China Deleverages

China has not collapsed. There is no financial crisis in China. Instead, China is undergoing a gradual deleveraging of its financial sector. As far as we can judge from published statistics, this has been successfully managed by the authorities and confidence has returned to the Chinese market. The RMB is strengthening against the US dollar and foreign exchange reserves have climbed back above US$3 trillion. The money market has tightened. 3 month Shanghai Interbank Rate has risen to 4.43%, and 7-day reverse repo rate to 2.81%: Both the Producer Manufacturing Index and industrial profits are rising gradually.
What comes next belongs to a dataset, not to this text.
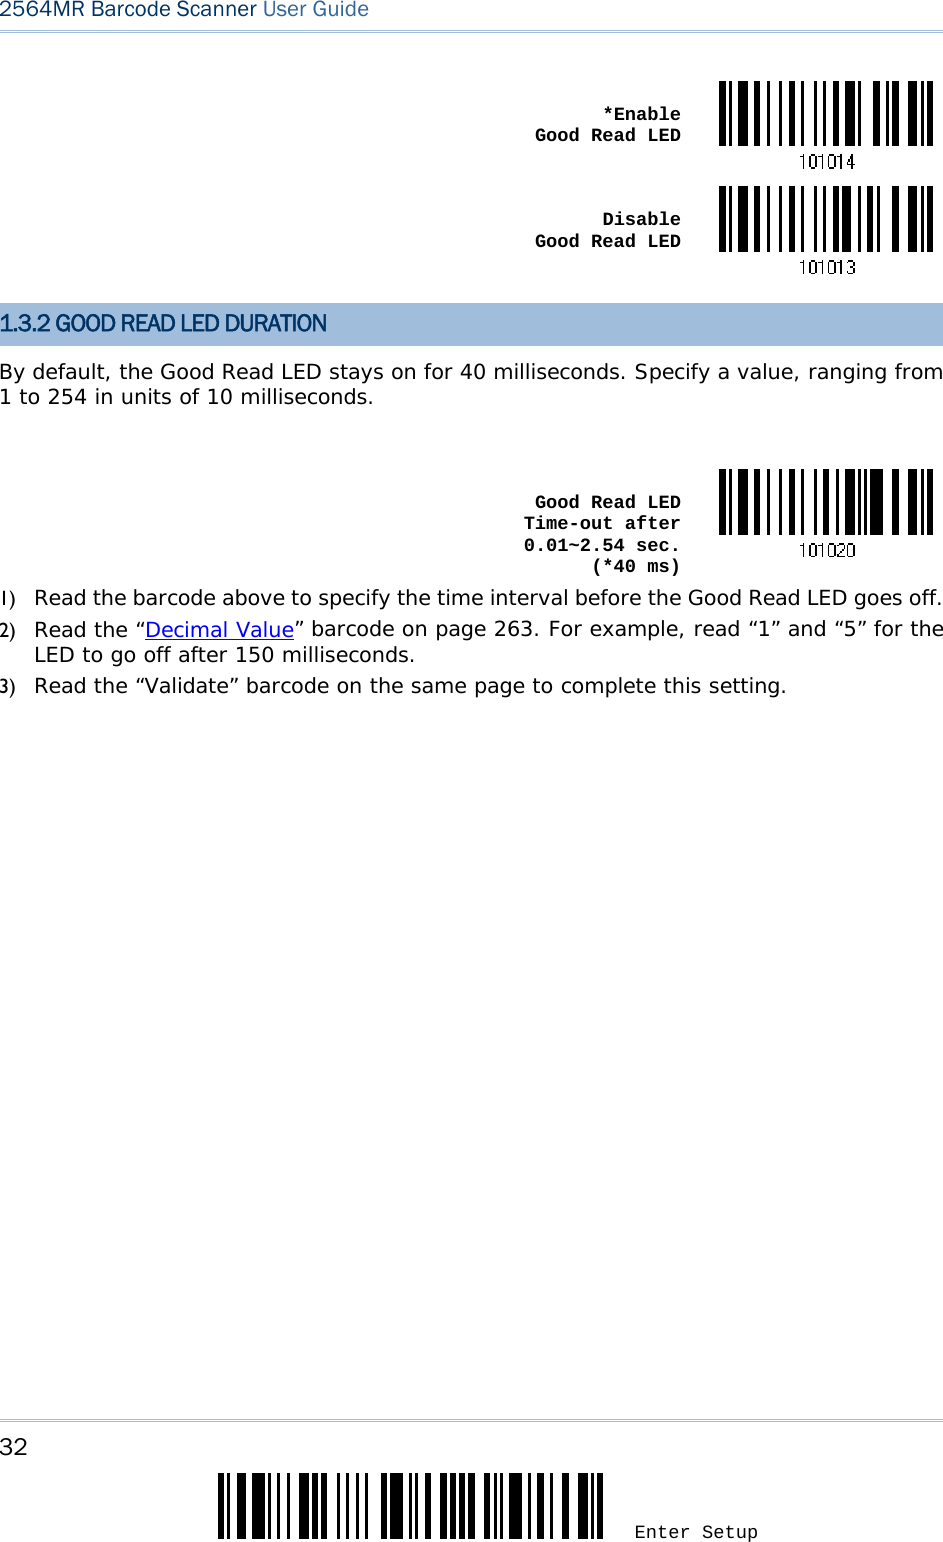 32 Enter Setup 2564MR Barcode Scanner User Guide   *Enable  Good Read LED Disable  Good Read LED 1.3.2 GOOD READ LED DURATION By default, the Good Read LED stays on for 40 milliseconds. Specify a value, ranging from 1 to 254 in units of 10 milliseconds.   Good Read LED Time-out after 0.01~2.54 sec.  (*40 ms)1) Read the barcode above to specify the time interval before the Good Read LED goes off. 2) Read the “Decimal Value” barcode on page 263. For example, read “1” and “5” for the LED to go off after 150 milliseconds.  3) Read the “Validate” barcode on the same page to complete this setting.

GDP growth is likely to continue at 6% plus in the 4Q, although much will depend on the property and construction sector, which accounts for nearly 20% of GDP.
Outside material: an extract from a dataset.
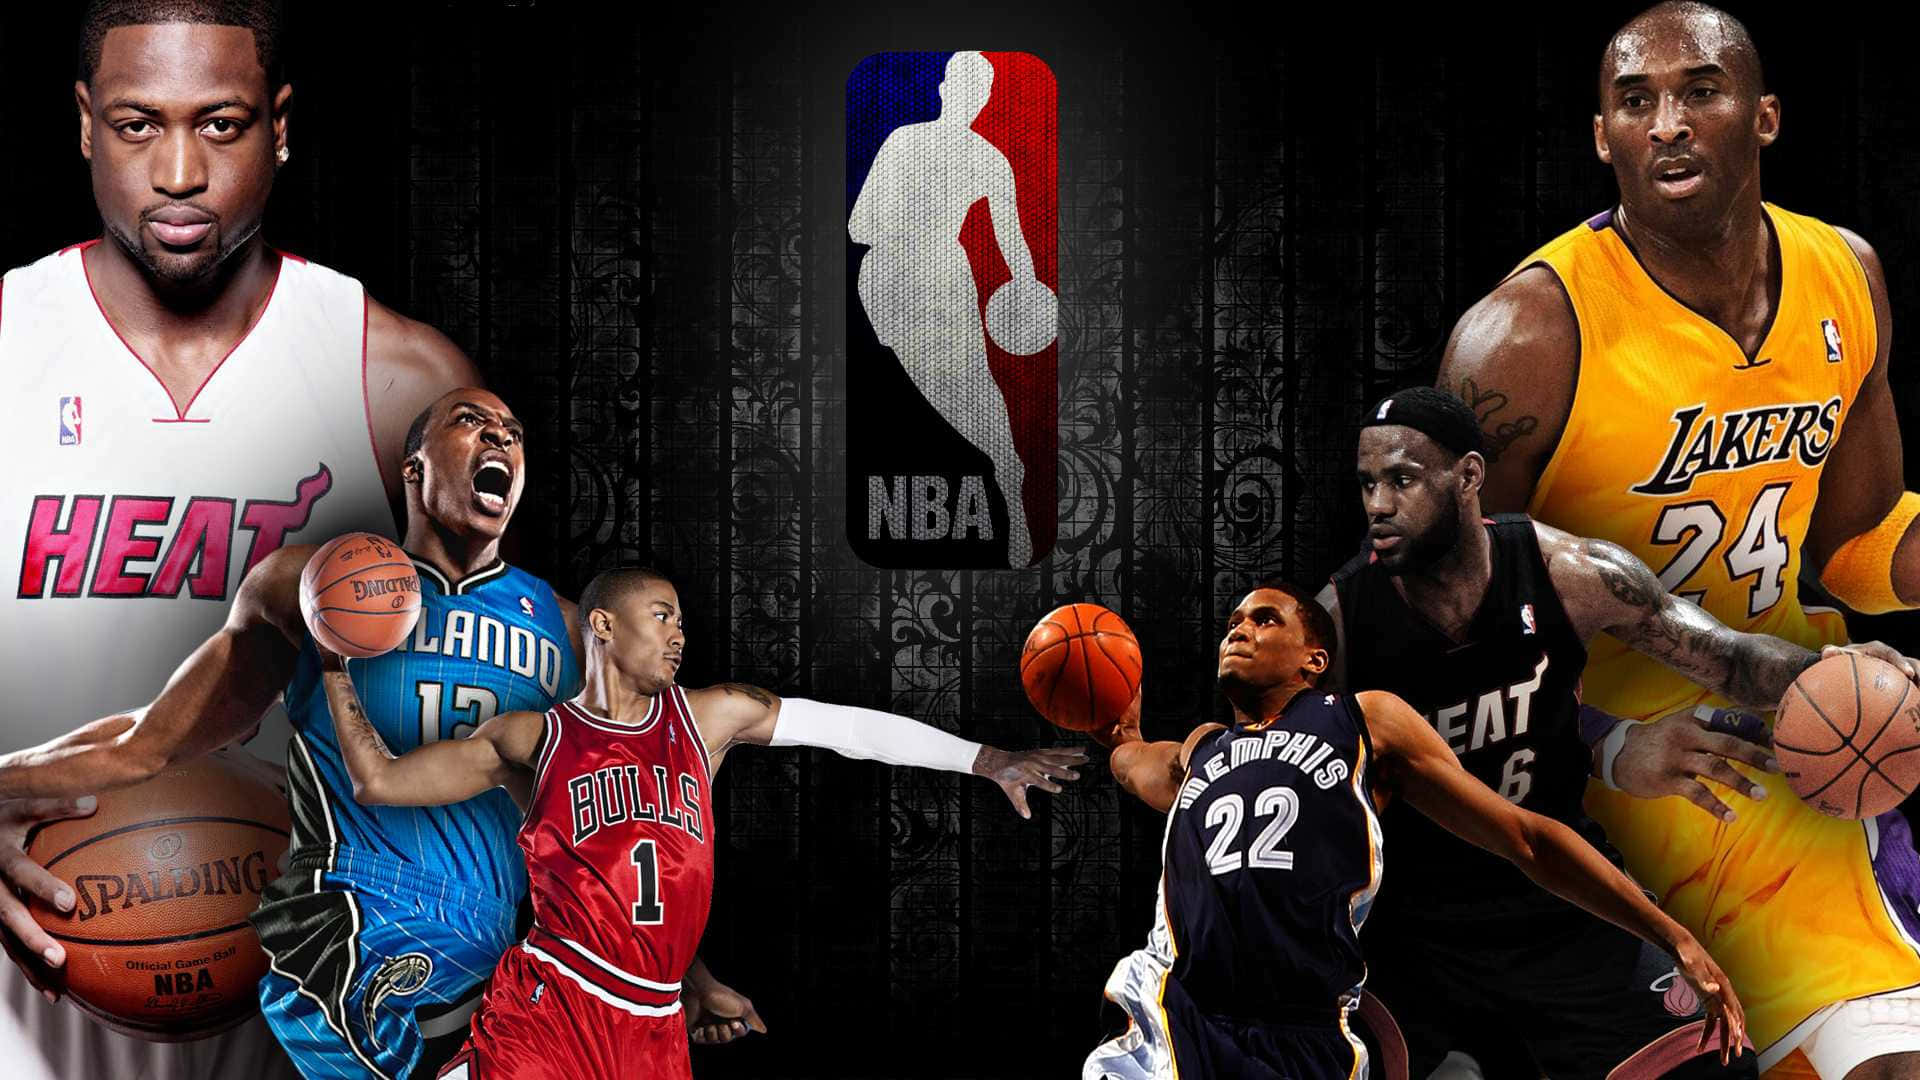 Celebrating the Best of the NBA! Wallpaper

We are planning to launch our “China Hedged Investment” (CHI) Fund in October. We continue to believe that exceptional investment opportunities exist in the healthcare, tourism, education, and internet sectors.

In India, there has been some volatility over the summer but the Rupee remains strong and corporate earnings are growing over 15%, especially in the small and midcap sector of consumer goods.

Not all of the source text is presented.